Литмир - Электронная Библиотека
Содержание  
A
A

Все это делает пьесу Бенелли явлением весьма значительным. Она представляет собою, несомненно, новое завоевание молодого поэта15. В лице Бенелли мировая литература приобретает нового гражданина, имя которого мы все услышим еще много и много раз и, вероятно, передадим потомкам.

Неаполитанский театр*

Неаполь совсем особенный город. Полный своеобразного настроения. И настроение это не столько разлито в его синем воздухе и синем море, не столько выражено в картинном Везувии и яркой красоте Нозилипо1 сколько в психике неаполитанского населения.

Неаполь — город народный, город нищеты, зажиточное гражданство очень тонким слоем сливок всплывает на полумиллионном горемычном простонародье.

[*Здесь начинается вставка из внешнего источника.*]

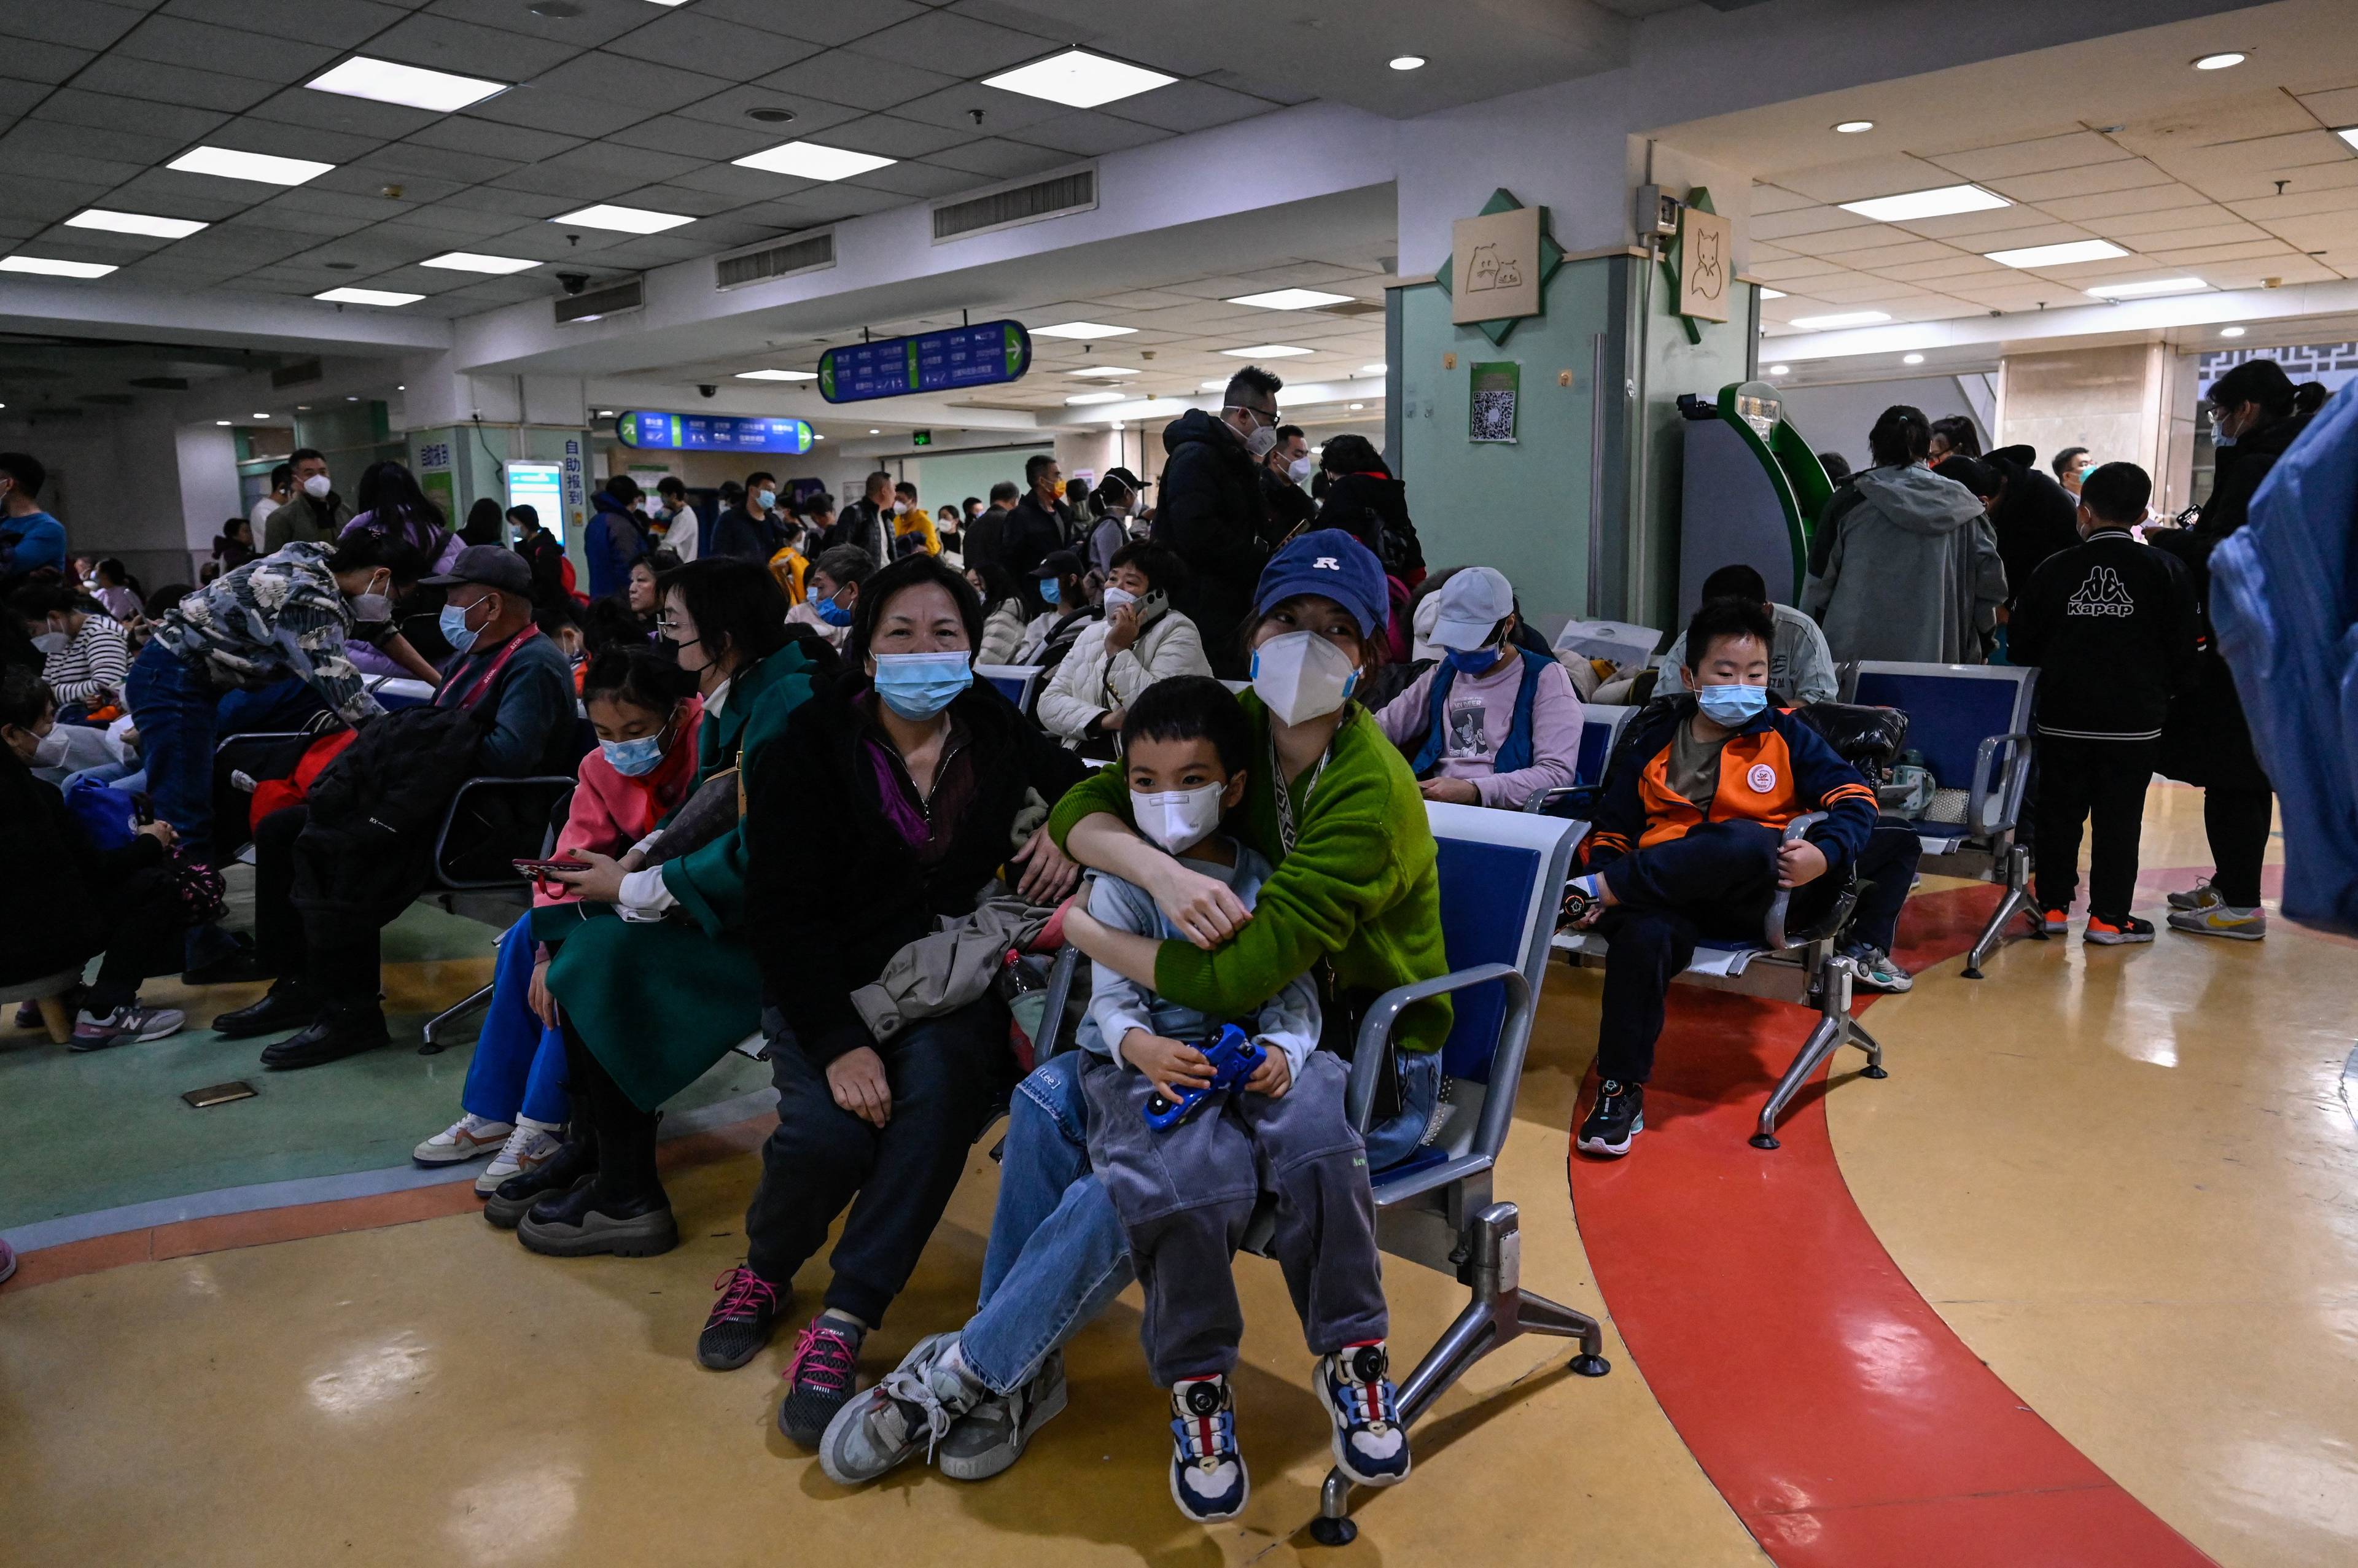 Chińscy rodzice czekają na badanie swych dzieci w poczekalni szpitala. Beijing, 23 listopada (Photo by Jade Gao / AFP)
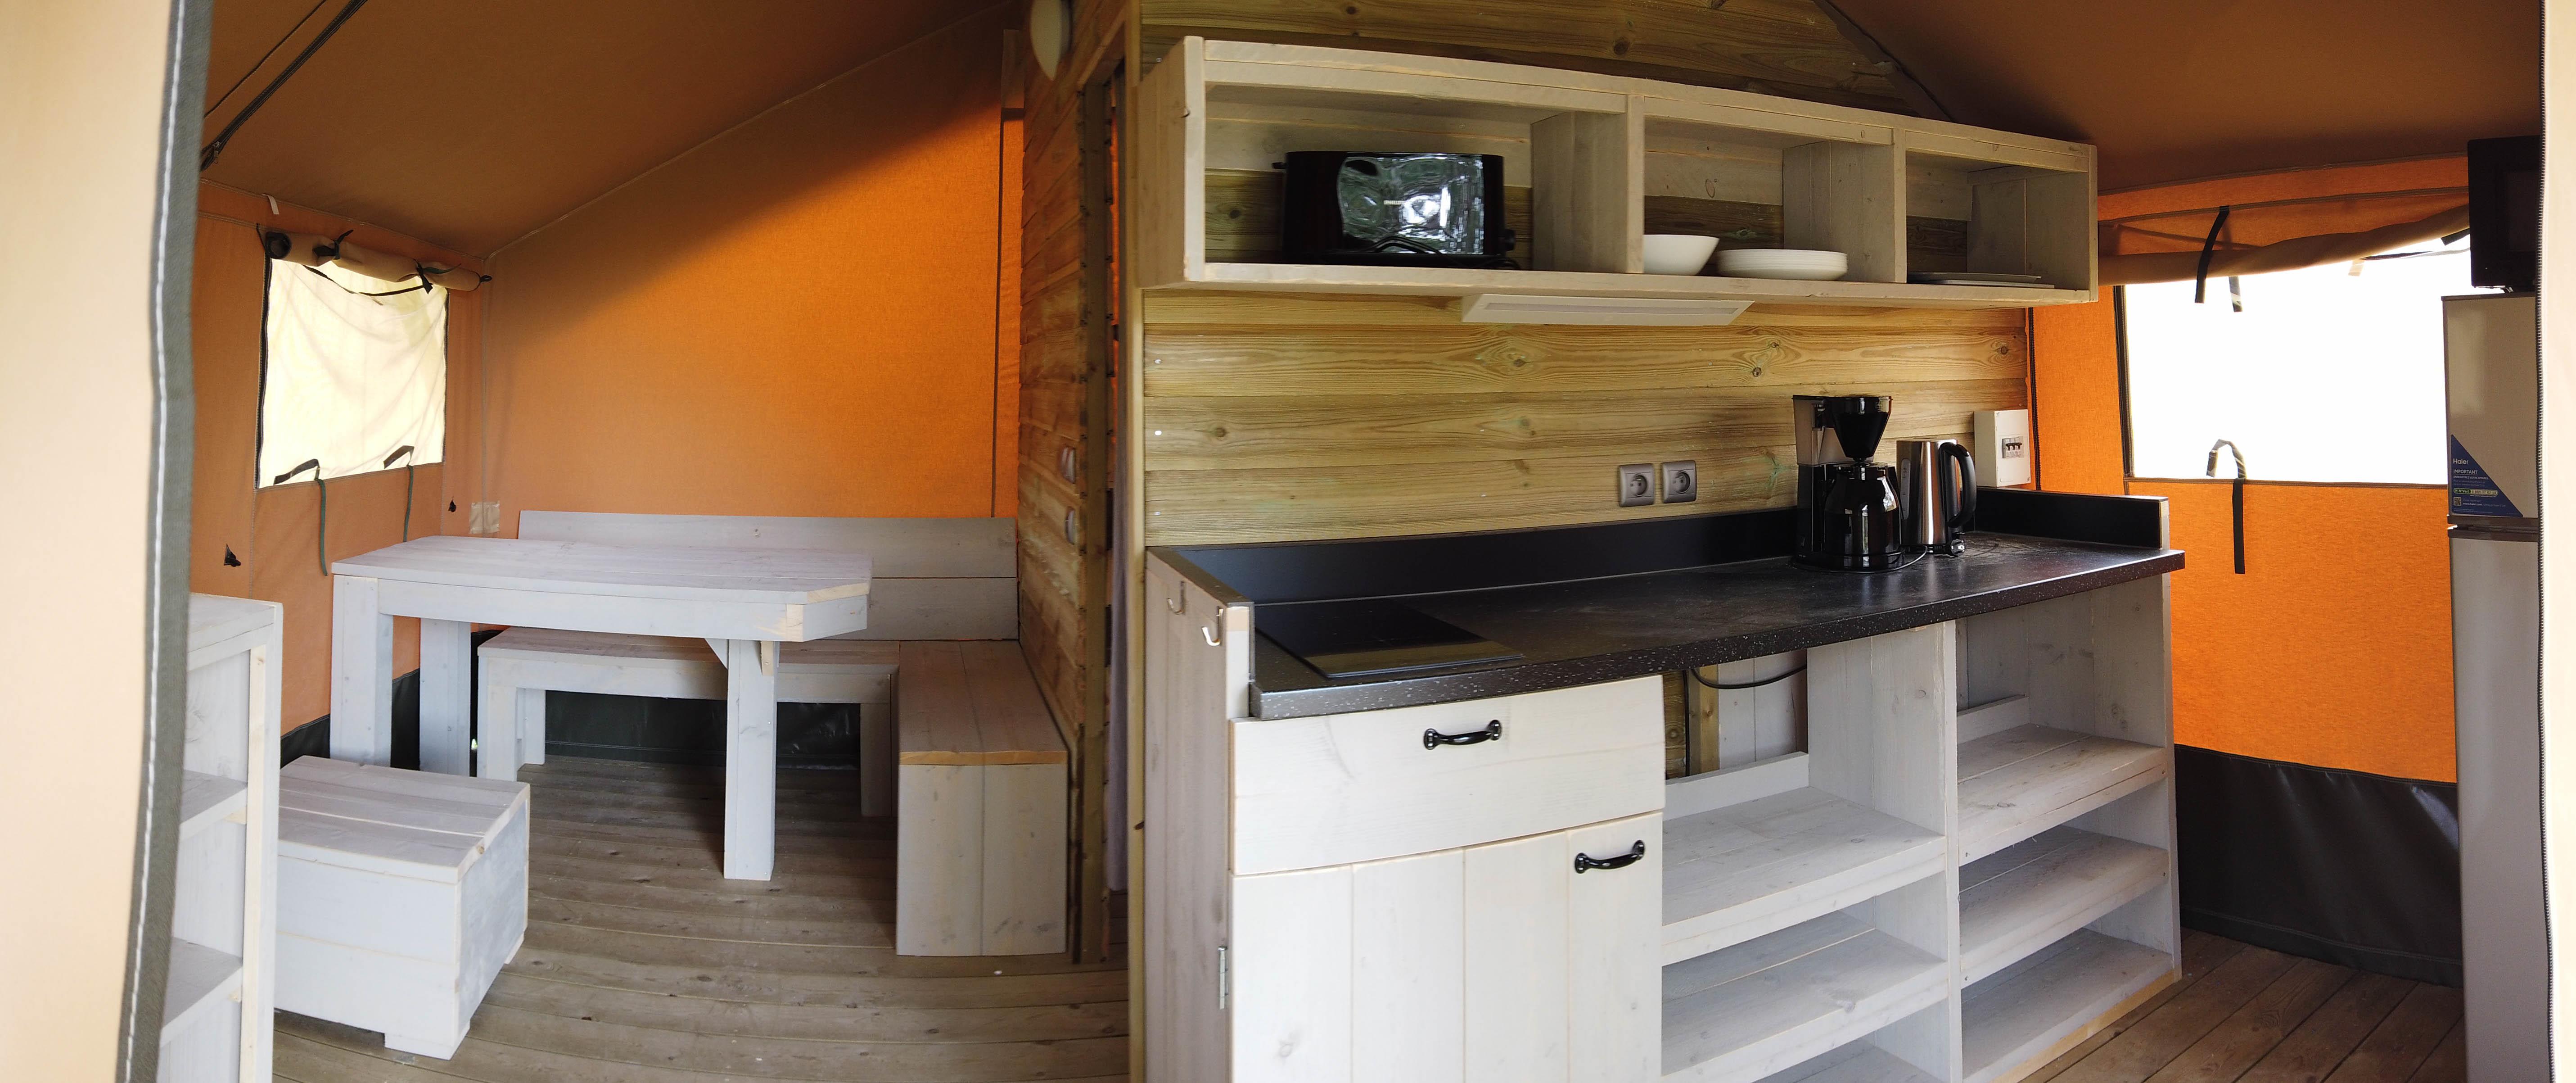 Bungalow Compacte + Duo : 2 chambres dans 2 bungalows séparés, cuisine, pas de sanitaire

Сначала неаполитанцы, эта особая порода людей, поражают иностранца главным образом своей крикливостью, суетливостью, выразительной жестикуляцией и страстным желанием надуть «форестьера»[56] и, по возможности, посмеяться над ним. Обезьяньи ухватки детишек, доходящие до наглости, назойливость разного уличного люда, невероятная грязь, неописуемый гвалт делают неаполитанцев несимпатичными для проезжего. Но как ни открыта душа неаполитанца, а все же требуется время, внимание и, по меньшей мере, беспристрастность, чтобы действительно понять его, а понять в данном случае — почти наверное значит полюбить.

Человек мало-мальски наблюдательный уже сразу остановится, пораженный одним резко бросающимся в глаза контрастом: контрастом самой горькой нужды и какой-то непрерывной стихии веселья. Самый бойкий парижский гамен[57] — северный флегматик и пессимист по сравнению с рваным, ярким, чумазым и белозубым неаполитанским монелло[58].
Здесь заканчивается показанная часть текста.